— Ты гордился тем, что стал Вестником, — рабом. Убийцей. Я была наивной дурочкой, когда отмахнулась от его слезного признания, списав это на драматизм Иных.

— Да.

Ночь стала холоднее. Каждый дюйм моей кожи дрожал от уколов холода, кроме участка, где его дыхание задевало мое чувствительное ухо.

— Ты видел мать после того, как отказался от нее?

— Нет.

Я отвернулась от этого жаркого дыхания, от его манящих глаз.

— Не этого ответа я ждала.

— Плохо, — сказал он и отбросил мои волосы в сторону рукой, прижался губами к моей шее. Я тут же вспыхнула под холодом, забыла о мигрени. После пожирания его сна-воспоминания не было опасности еще одного фрагмента от прикосновения кожи с кожей. Все силы ушли на то, чтобы не развернуться, впиться пальцами в волосы и удерживать его голову, чтобы затеряться в сладости его рта, ощущать его широкую грудь как якорь посреди урагана.

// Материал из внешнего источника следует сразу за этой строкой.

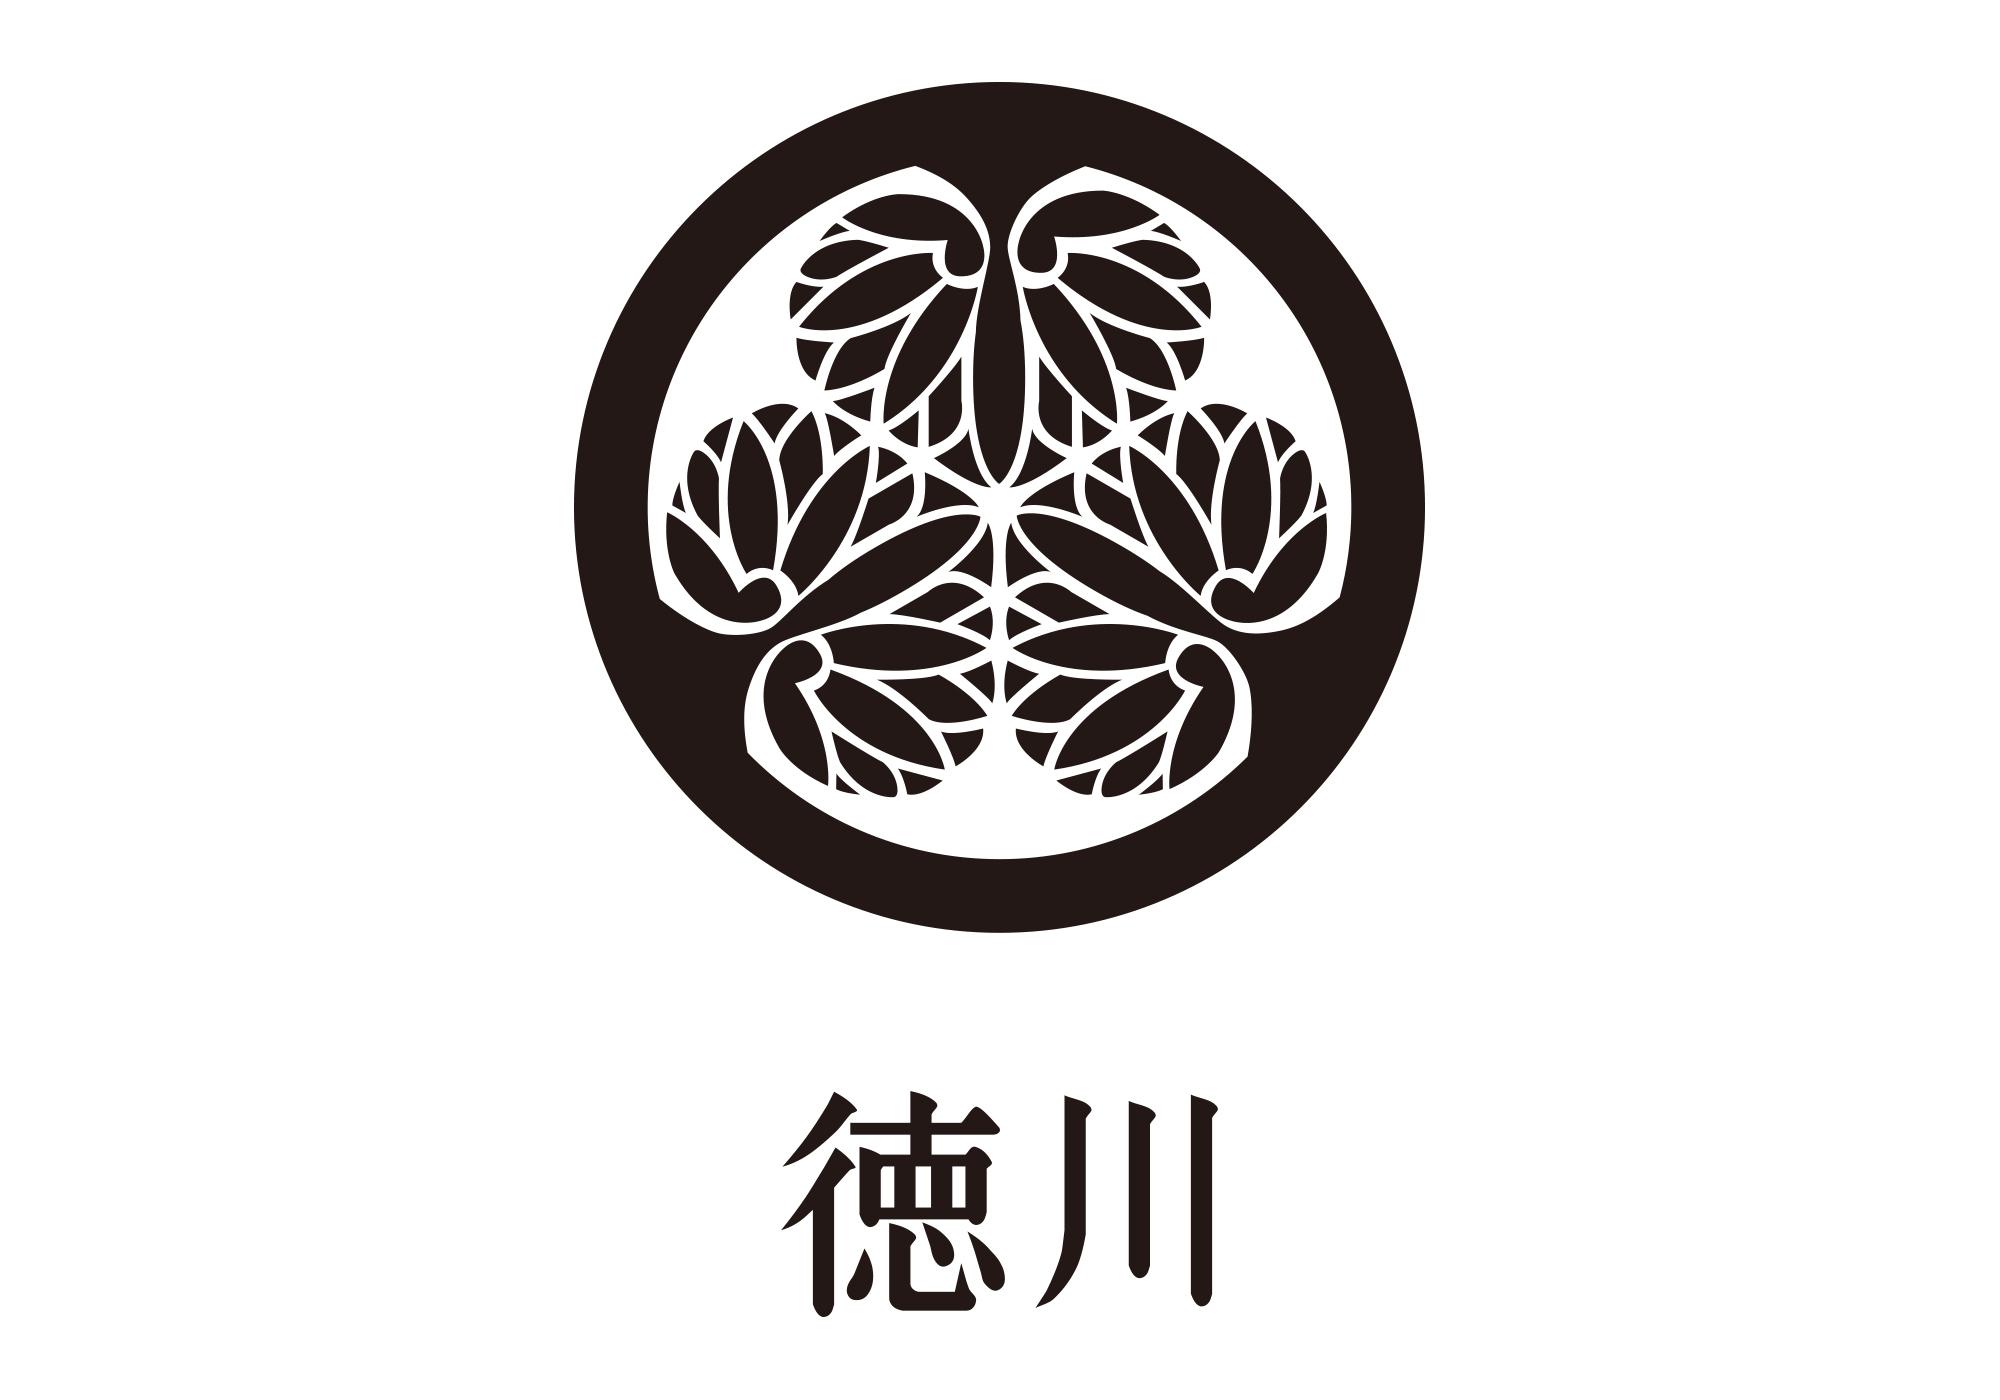 Japanese Family crest SHOGUN TOKUGAWA / 家紋 将軍 徳川

Вместо этого я глубоко вдохнула.

— Какой же ты гад.

Кен поймал губами мочку моего уха, поцеловал меня в висок.

— Бен предупреждала, что ты так все увидишь, — прошептал он на японском.

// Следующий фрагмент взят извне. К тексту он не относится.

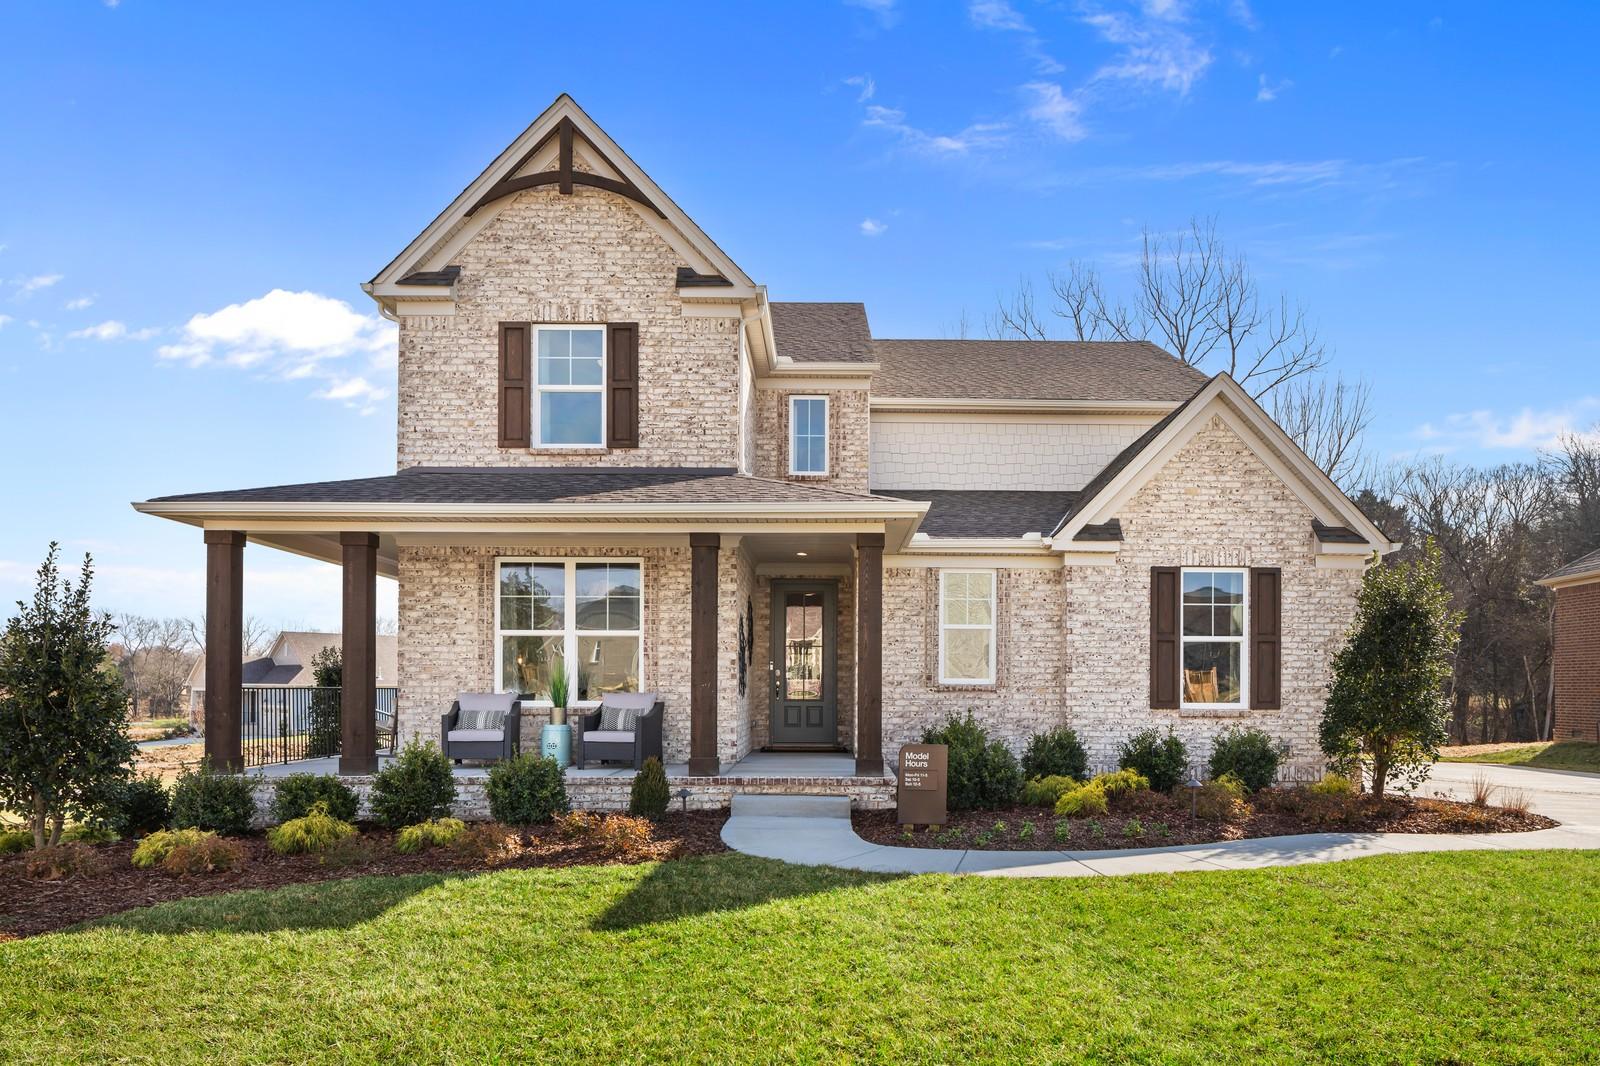 1095 River Oaks Blvd Property Photo - Lebanon, TN real estate listing

— Бен? Ты думал, что я поверю, что все это время вы оба были не разлей вода? Тайно в сговоре?

Еще один поцелуй в шею, он подвинул мои спутанные волосы, а потом руки и губы Кена пропали.

— Это так. Мы с Бен всегда были близки. Как ты и Марлин. Хотя последние десять лет пришлось изображать, что это не так.

— Почему ты не будишь Мурасэ, Мидори и Пон-суму? Они ведь этого хотят? Освободить Черную Жемчужину?

— Нет времени доказывать им, что я не работаю тут на Совет. Только Бен знает правду, — и как такая простая фраза могла скрывать столько боли?

«Его отец думает, что он пресмыкается перед Советом?».

— Им нужно знать!

— Долго объяснять. Я не буду подвергать их опасности, переча прямым приказам Совета, пока Тоджо с его черным отрядом тут. Времени нет. Нам нужно к Черной Жемчужине.

Я поежилась. Мигрень вернулась, как только пропали губы Кена. Моя спина была холодной, мурашки бежали по рукам. Так холодно. Словно этот разговор погасил часть тепла, которое я принимала как должное, пока не лишилась его.

— Ах, — сказал Кен другим тоном. — Добрый вечер, Юкико-сама.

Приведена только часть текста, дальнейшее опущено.